Am 25.02. dann wieder ein kleiner Hoffnungsschimmer. Das Rotmilan-Männchen wurde mehrmals von der Kamera aufgenommen. Innerhalb von 3 Stunden konnte der Rotmilan 6mal am Horst fotografiert werden. Wer weiß vielleicht etabliert er sich jetzt und bereitet schonmal alles für die Ankunft von Valencia vor?


Erneuter Besuch des Rotmilans am Nest am 25.02.2022. © Kreis Lippe

Am nächsten Tag war es jedoch sehr ruhig am Nest. Valencia befindet sich mittlerweile in Frankreich und fliegt weiterhin Richtung Deutschland.

Dann am 26.02. wurde die Kamera wieder von dem Rotmilan-Männchen und einer Begleitung ausgelöst. Bei beiden handelte es sich um nicht besenderte Individuen. Valencia ist zu diesem Zeitpunkt noch mehr als 1.000 km entfernt in Südfrankreich.

In den kommenden Tagen war es wieder sehr ruhig am Nest, die beiden gesichteten Rotmilane haben sich nicht wieder am Nest gezeigt. Es bleibt also noch eine Chance für Valencia.

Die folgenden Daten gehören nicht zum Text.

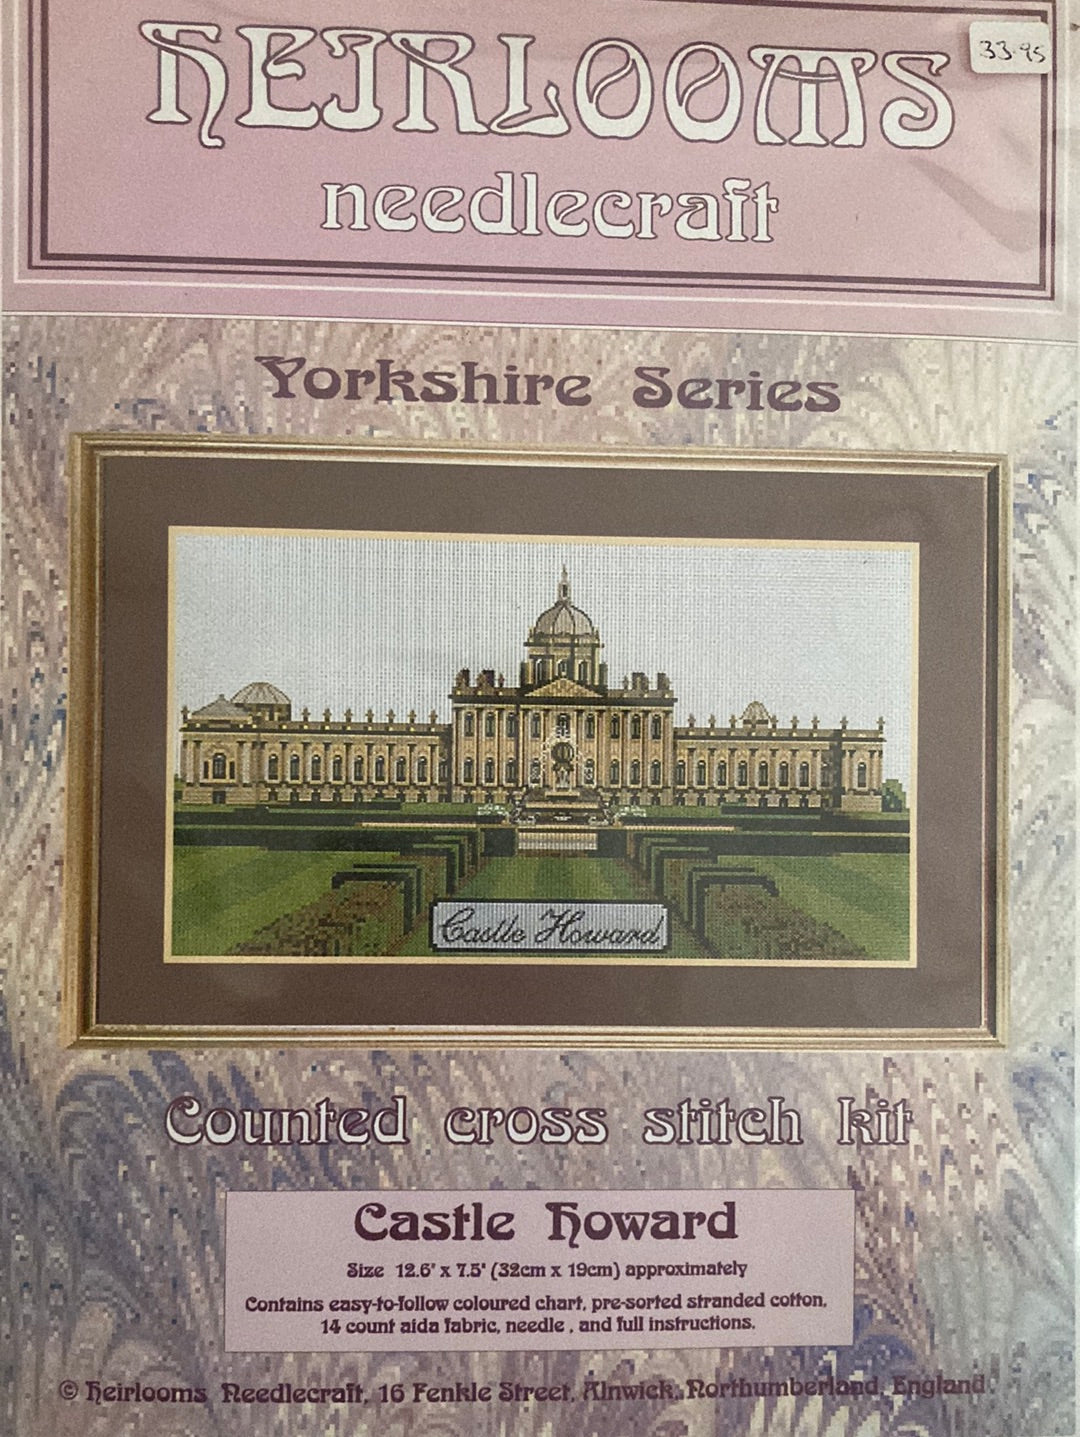 Castle Howard (Yorkshire Series) - Counted Cross Stitch Kit (Vintage)

Rotmilane am Nest am 26.02.2022. © Kreis Lippe

Schlechte Nachrichten

Am 07.03. dann ein Schock. Der Sender von Valencia hat die letzten 3 Tage nicht mehr gesendet. Ist ihr etwas passiert? Oder hat der Sender einfach momentan kein GPS-Signal? Schnell werden die letzten Daten kontrolliert und ausgewertet. Alles schien bis zum letzten Sendepunkt normal gewesen zu sein. Keine Anzeichen von zu niedrigem Akku-Level, aber auch kein Anzeichen von einer möglichen Todesursache. Also bleibt nichts anderes übrig als abzuwarten und zu hoffen, dass der Sender bald wieder Daten überträgt.

Geschafft!

Am nächsten Morgen dann eine große Erleichterung und zugleich eine große Freude. Der Sender hat wieder Daten übertragen und zeigt den letzten Punkt in der Nähe des Nestes an. Zugleich wird die Kamera am Nest ausgelöst. Und tatsächlich Valencia hat es geschafft und wurde sitzend am Nest von der Kamera fotografiert. Jetzt fehlt nur noch ihr Partner. Wir sind schon gespannt was in den nächsten Tagen am Nest passiert und hoffen, dass die Batterie der Kamera noch länger durchhält, um Valencia weiter aus der Ferne beobachten zu können.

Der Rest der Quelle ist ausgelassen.